155: \section*{Materials and Method}

156: \subsection*{Definition of residue-wise contact order}

157: As mentioned in the Introduction, the residue-wise contact order (RWCO) of

158: the $i$-th residue is defined by

159: \begin{equation}

160: o_{i} = \frac{1}{L}\sum_{j:|j-i|>2}|i-j|C_{i,j}\label{eq:def}

161: \end{equation}

162: where the summation is normalized by the length $L$ of the amino acid

163: sequence of the protein and $C_{i,j}$ represents the contact map of the protein.

164: We exclude trivial contacts between nearest- and next-nearest residues

165: along the sequence.

166: To make the RWCO useful for molecular dynamics simulations, the contact

167: between two residues is defined by a smooth sigmoid function:

168: \begin{equation}

169: C_{i,j} = 1/\{1+\exp[w(r_{i,j} - d_c)]\}

170: \end{equation}

171: where $r_{i,j}$ is the distance between $C_{\beta}$ atoms of the $i$-th

172: and $j$-th

173: residues ($C_{\alpha}$ atoms for glycine), $d_c$ is the cut-off distance for

174: the contact definition, and $w$ is

175: a parameter that determines the sharpness of the sigmoid function.

176: To be consistent with our previous

177: studies\cite{KinjoETAL2005,KinjoANDNishikawa2005},

178: we set $d_c = 12$\AA{} and $w=3$ throughout the present paper.

179:

180: We also define the normalized (relative) RWCO by

181: \begin{equation}

182: {y}_{i}^{p} = ({o}_{i}^{p} - \langle {o}_{i}^{p} \rangle)/

183: \sqrt{\langle({o}_{i}^{p} - \langle {o}_{i}^{p} \rangle)^2\rangle}

184: \label{eq:normal}

185: \end{equation}

186: where $\langle \cdot \rangle$ denotes averaging operation over the given

187: protein chain $p$.

188:

189: \subsection*{Prediction scheme}

190: To predict the RWCO of each residue in a protein, we first conduct three

191: iterations of PSI-BLAST\cite{AltschulETAL1997} search against the

192: NCBI non-redundant amino acid sequence database to obtain the sequence profile

193: of the protein with the E-value cut-off of $10^{-7}$.

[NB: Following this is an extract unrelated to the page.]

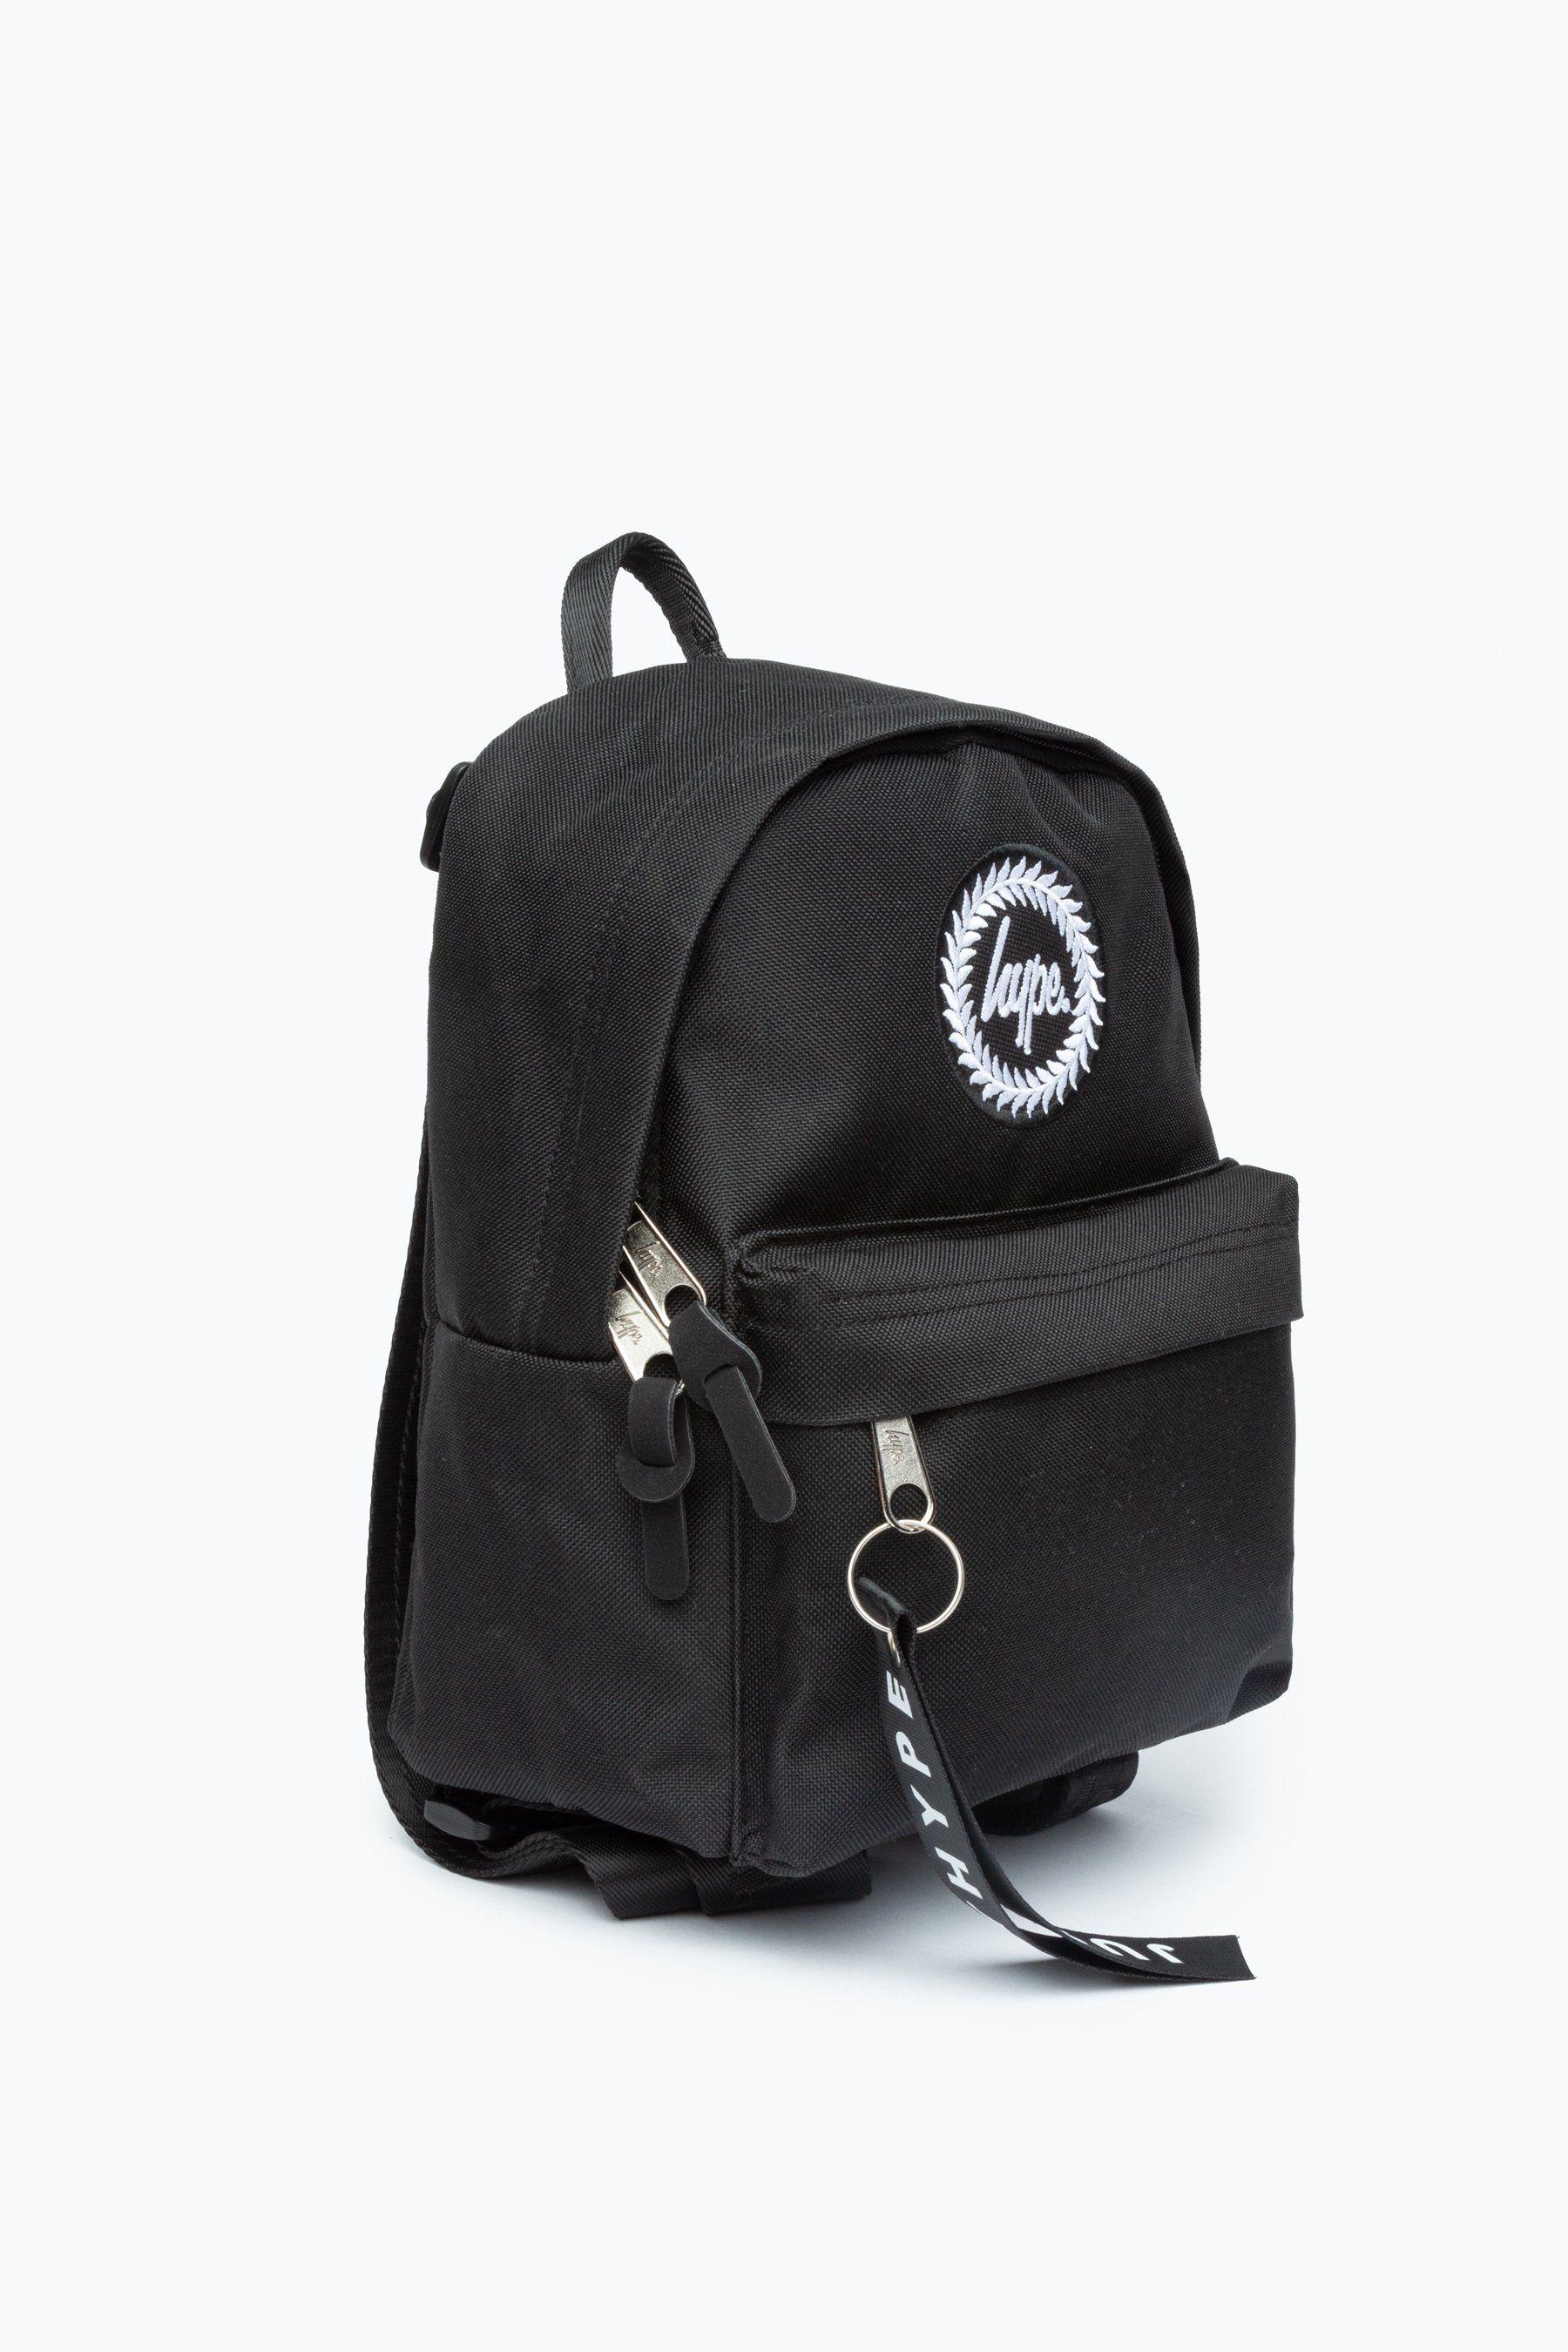 Hype Black Mini Backpack
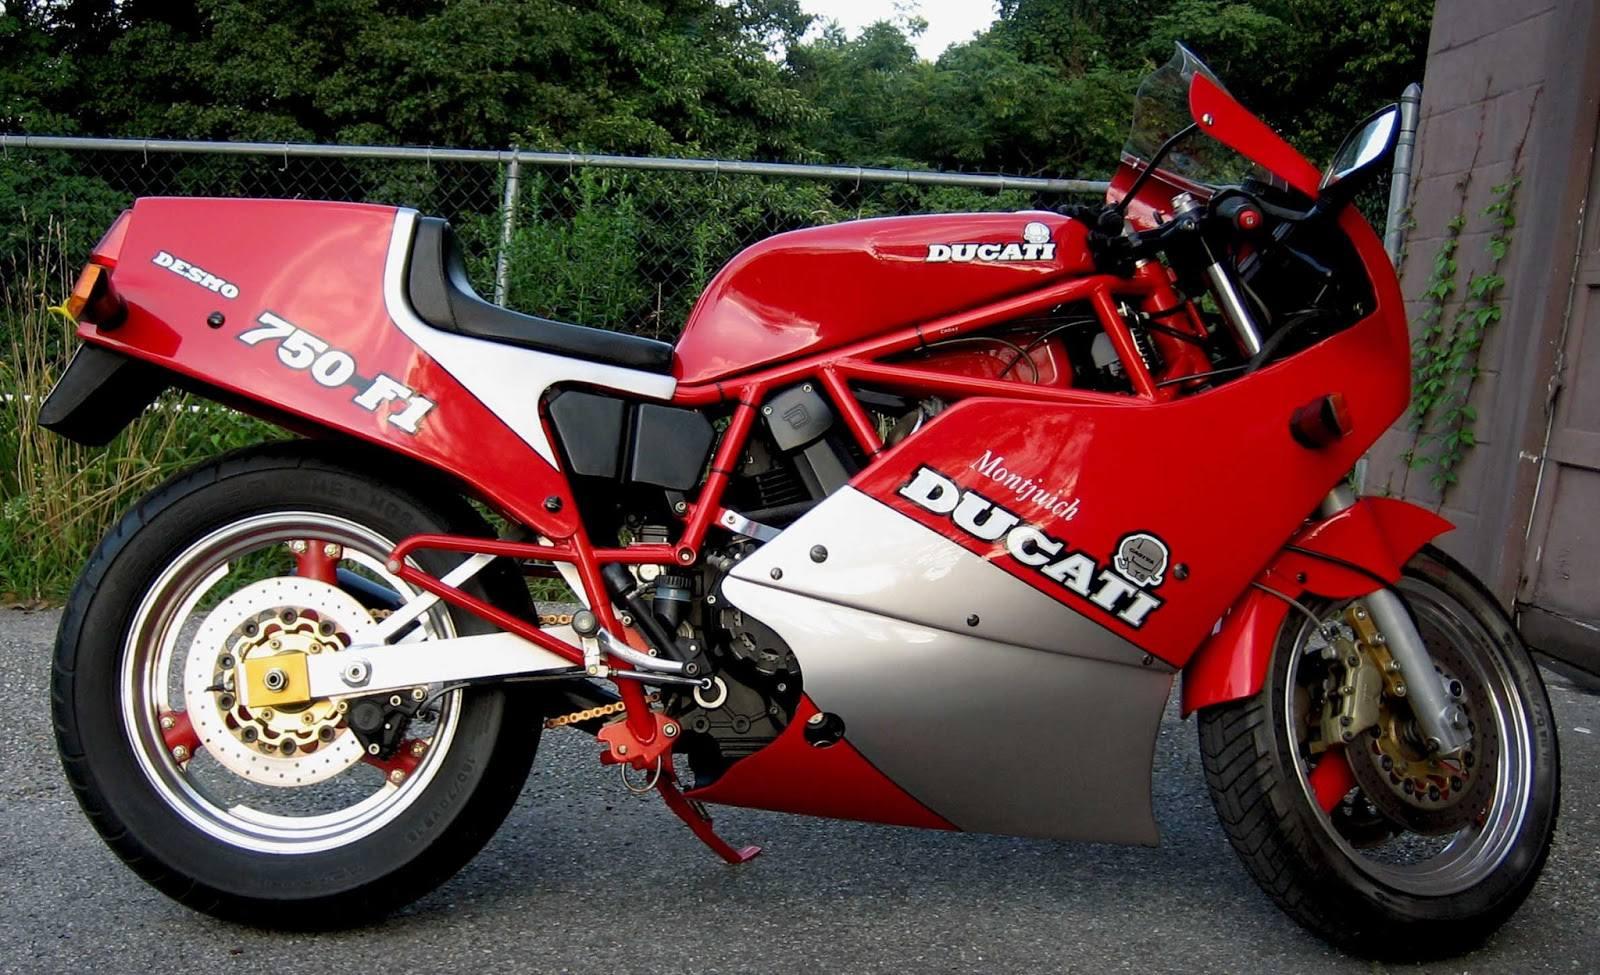 Moto del día: Ducati 750 F1

194: We use the amino acid score table of the

195: PSI-BLAST  profile which is represented as $f(i,a)$

196: ($i$: site, $a$: amino acid) in the following (instead of the frequency table

197: used in the previous study\cite{KinjoETAL2005}).

198:

199: The RWCO $\hat{o}_{i}^{p}$ of the $i$-th residue in the protein $p$

200: is predicted in two steps. First we predict the normalized RWCO $y_{i}^p$ for

201: each residue, and then we combine it with the mean $\mu^p$ and standard

202: deviation (S.D.) $\sigma^p$ of the RWCOs of the protein,

203: which are predicted separately. The normalized RWCO is predicted by

204: the following linear regression scheme:

205: \begin{equation}

206: \hat{y}_{i}^{p} = \sum_{m=-M}^{M}\sum_{a}^{\mbox{\scriptsize residue types}}C_{m,a}f^{p}(i+m,a) + C\label{eq:reg}

207: \end{equation}

208: where $M$ is the half window size (a free parameter to be determined),

209: $f^{p} (i+m,a)$ represents an element of the PSI-BLAST profile of the

210: protein $p$, and $C_{m,a}$ and $C$ are regression parameters.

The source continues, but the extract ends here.